The tube was strongly shaken for 60 s after adding 6.0 g of anhydrous magnesium sulphate (MgSO4) and 1.50 g sodium acetate (C2H3NaO2), and then centrifuged at 4500 rpm for 5.0 min. A 15 ml tube containing 1200 mg MgSO4 and 400 mg primary secondary amine (PSA) was then filled with 8.0 ml of the acetonitrile supernatant and shaken for 60 s before centrifuging at 6000 rpm for 4 min. In order to apply the optimum DLLME method to the QuEChERS extract, 5.0 ml of the acetonitrile extract from the second QuEChERS step was transferred into a 100 ml volumetric flask and diluted to the mark with ultrapure water.
2.4. DLLME procedure
The extraction solvent (200 μl chloroform) and disperser solvent (2.0 ml acetonitrile) were premixed and injected into 10 ml of the standard/sample solution using a 5.0 ml syringe. The resulting cloudy solution was vortexed for 15 s to further boost the interaction of the extractant with the analytes for high extraction output.

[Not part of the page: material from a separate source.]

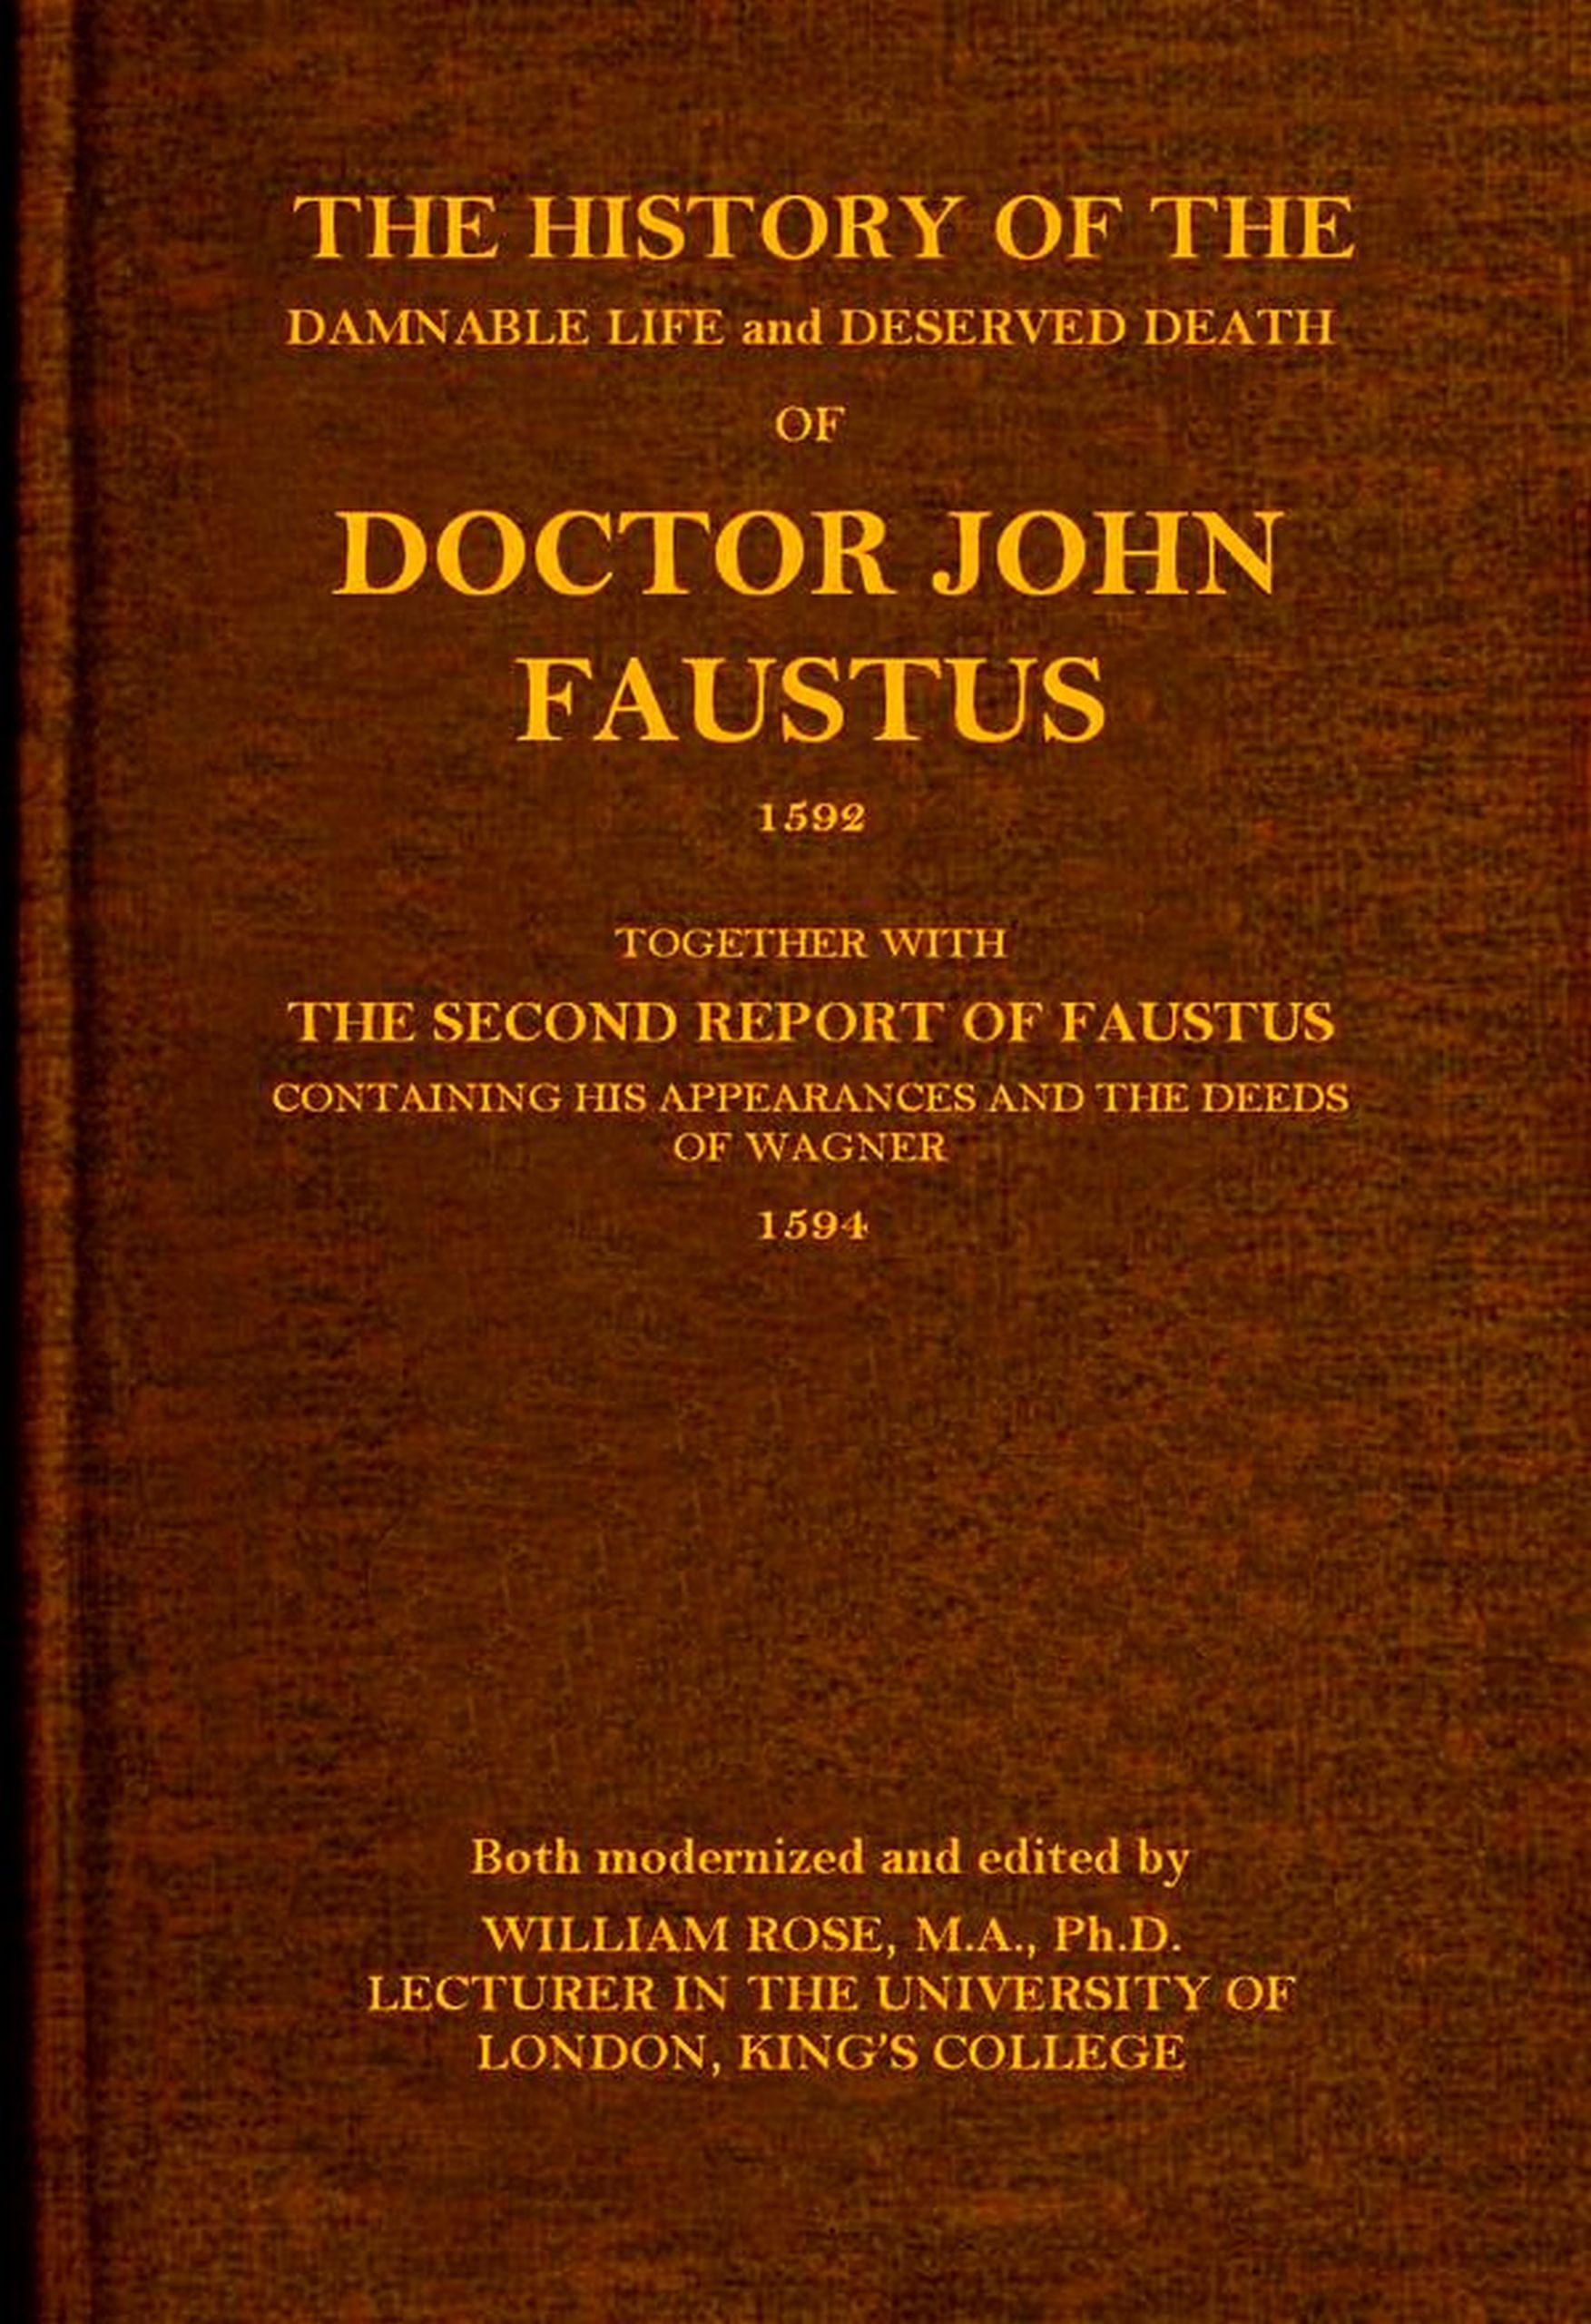 The history of the damnable life and deserved death of Doctor John Faustus, 1592, together with The second report of Faustus, containing his appearances and the deeds of Wagner, 1594.

The sample tube was placed in a centrifuge device and centrifuged for 2.0 min at 6000 rpm to allow rapid separation of the extractant from the aqueous solution. A sufficient volume (≈100 μl) was then taken from the settled organic phase into glass insert vials for automated injection into the LC-QTOF-MS/MS system.
3. Results and discussion
In order to increase the extraction yield of the analytes, experiments were carried out to select optimum values of the parameters that had major effect on the microextraction method. The DLLME method depends on extraction solvent and disperser solvent types and their volumes. Thus, these parameters were optimized in addition to the effect of salt addition. During the extraction process, one parameter was tested at different variables, while the other parameters were kept constant at one variable. For the LC-QTOF-MS/MS system, optimization was performed using a 10 μg l−1 mixed standard solution of the analytes. Analytical figures of merit were determined for direct measurement of the analytes with the LC-QTOF-MS/MS system. All optimization parameters were assessed in triplicates, from which the highest average peak area was selected as optimum parameter value and percent relative standard deviation was used to evaluate the method's repeatability.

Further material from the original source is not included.